Q4 – D'un point de vue purement technique, le démantèlement de réacteurs arrêtés dans certains cas depuis plus d'une décennie peut-il attendre, et si oui avec quelles mesures de sûreté ?

Résumé – Les réacteurs à uranium naturel graphite gaz (UNGG) sont en cours de démantèlement par EDF. Le changement de technique de démantèlement du caisson réacteur, qui concentre la radioactivité restante, a conduit EDF à proposer une modification du calendrier de démantèlement. Si la légitimité du changement de technique n’est pas discutée, le décalage du démantèlement induit soulève des questions de sûreté. EDF assure que la mise en configuration sécurisée des caissons les rendra robustes aux aléas extérieurs pour toute la durée du démantèlement (plusieurs décennies), mais l’IRSN note que ceci doit faire l’objet d’analyses complémentaires. Une expertise s’appuyant sur les éléments nouveaux fournis par EDF est en cours.

Introduction

Les réacteurs à uranium naturel graphite gaz (UNGG), construits dans les années 1960, aujourd’hui tous à l’arrêt et en cours de démantèlement, sont les premiers réacteurs nucléaires électrogènes français.

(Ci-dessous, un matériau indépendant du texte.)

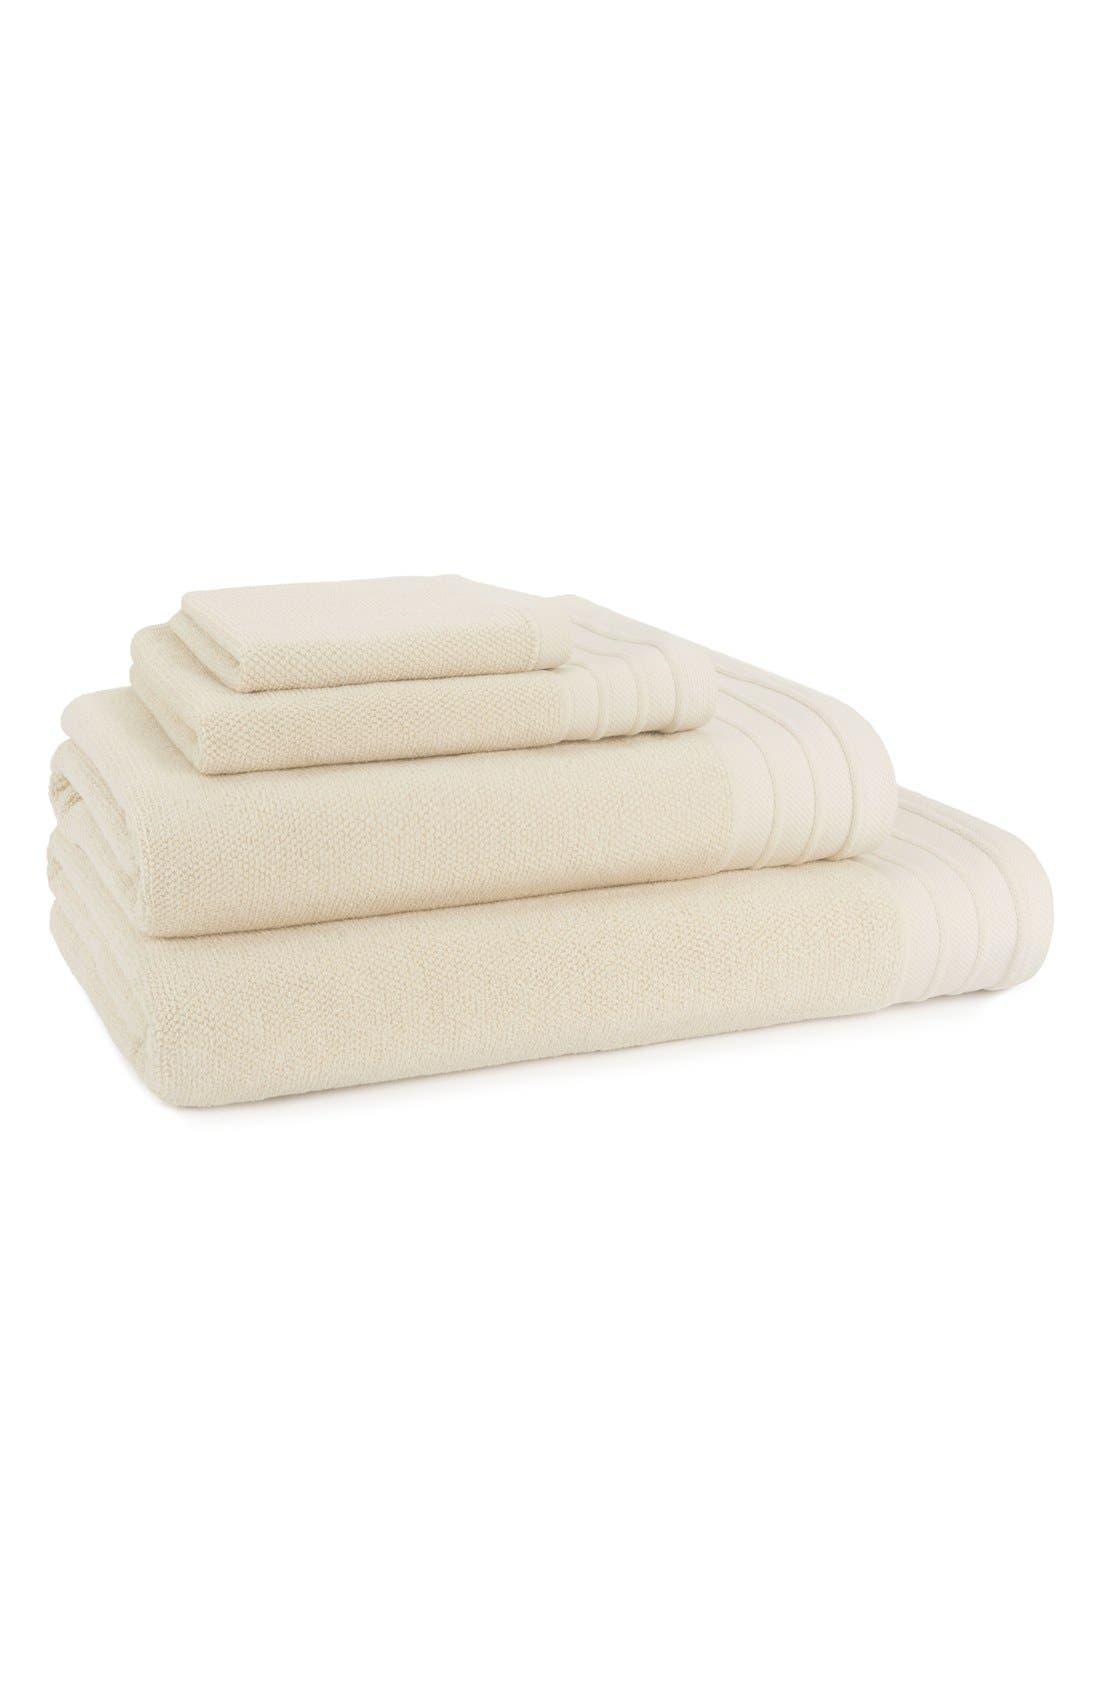 Alternate Image 2  - UGG® Classic Luxe Cotton Bath Sheet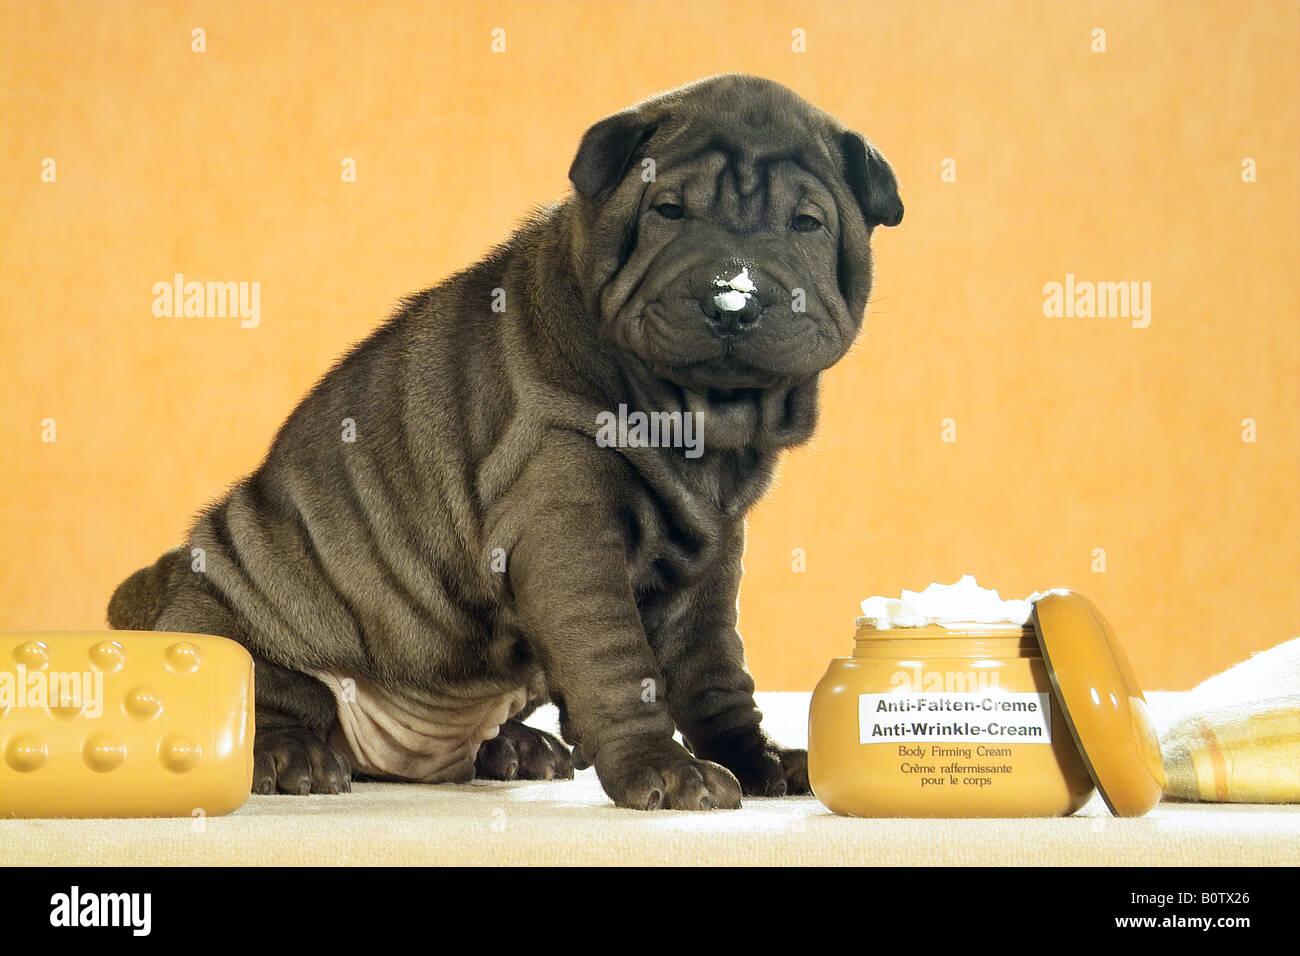 Shar Pei next to cream - Stock Image

La difficulté du démantèlement des réacteurs UNGG, plus particulièrement du caisson de ces réacteurs, est reconnue. Les réacteurs UNGG se distinguent de ce point de vue de leurs successeurs, les réacteurs à eau pressurisée (REP). Ces derniers constituent l’intégralité du parc nucléaire français en fonctionnement, et leur démantèlement apparaît aujourd’hui faisable dans des délais maîtrisés et avec des techniques éprouvées. Par exemple, le démantèlement du réacteur à eau sous pression Chooz A d’EDF, situé dans les Ardennes, avance sans difficulté majeure. À l’inverse, il y a peu de retours d’expérience sur les réacteurs UNGG et le démantèlement des empilements de graphite qu’ils contiennent présente des difficultés techniques.

Le démantèlement des réacteurs UNGG hors caisson a commencé et se poursuivra sur les quinze prochaines années. À l’issue de ces travaux, tout aura été déconstruit à part le caisson réacteur contenant les empilements de graphite. Si les réacteurs sont vidés de leur combustible il reste malgré tout des radionucléides dans les structures et dans les empilements de graphites qui ont été activés par la réaction de fission.

Stratégie d’EDF

Pour le démantèlement du caisson réacteur, EDF avait initialement envisagé une stratégie de démantèlement consistant à le remplir d’eau. Devant les difficultés rencontrées dans la mise en œuvre de cette première stratégie, EDF envisage maintenant un démantèlement sous air.

Le calendrier de démantèlement a été profondément modifié à l’occasion de ce changement de stratégie. En effet, EDF prévoit de démanteler un premier réacteur (Chinon A2) à partir de 2030 et pour une durée de trente ans, puis de démanteler les suivants en exploitant les retours d’expérience du premier démantèlement. Ainsi, le démantèlement de ces caissons réacteurs aura lieu près d’un siècle après leur mise en service.

Le choix d’EDF de proposer finalement un démantèlement sous air pour tous ses réacteurs UNGG n’est pas mis en cause. Mais la stratégie globale retenue, notamment le séquencement des démantèlements et les calendriers associés, soulève des questions de sûreté qui sont en cours d’analyse. Pour l’IRSN, le maintien dans un état sûr d’un caisson réacteur sur d’aussi longues périodes soulève de réels enjeux techniques. De plus, il convient d’examiner les implications de cette nouvelle stratégie sur la gestion des déchets de graphite.

Sûreté des réacteurs UNGG à l’arrêt

À l’issue de la première phase de démantèlement, les caissons réacteurs doivent être mis dans une configuration sécurisée.

EDF assure que l’étanchéité des caissons est garantie en cas d’inondation, que le bon état des structures et leur résistance aux séismes sont validés par des inspections et que des activités de surveillance sont réalisées et seront maintenues jusqu’à la fin du démantèlement.

L’IRSN considère que les premiers éléments apportés par EDF ne lui permettent pas de partager pour le moment ces conclusions. En particulier, l’IRSN note que les examens de sûreté sur lesquels s’appuie EDF ont été réalisés avec l’hypothèse d’un démantèlement à moyen terme, issu de l’ancienne stratégie, et donc sont à ce stade insuffisants pour conclure. De nouveaux éléments ont été fournis par EDF, à la suite d’une demande de l’ASN. L’ensemble des éléments transmis par EDF est aujourd’hui soumis à une expertise de l’IRSN qui s’achèvera en 2019.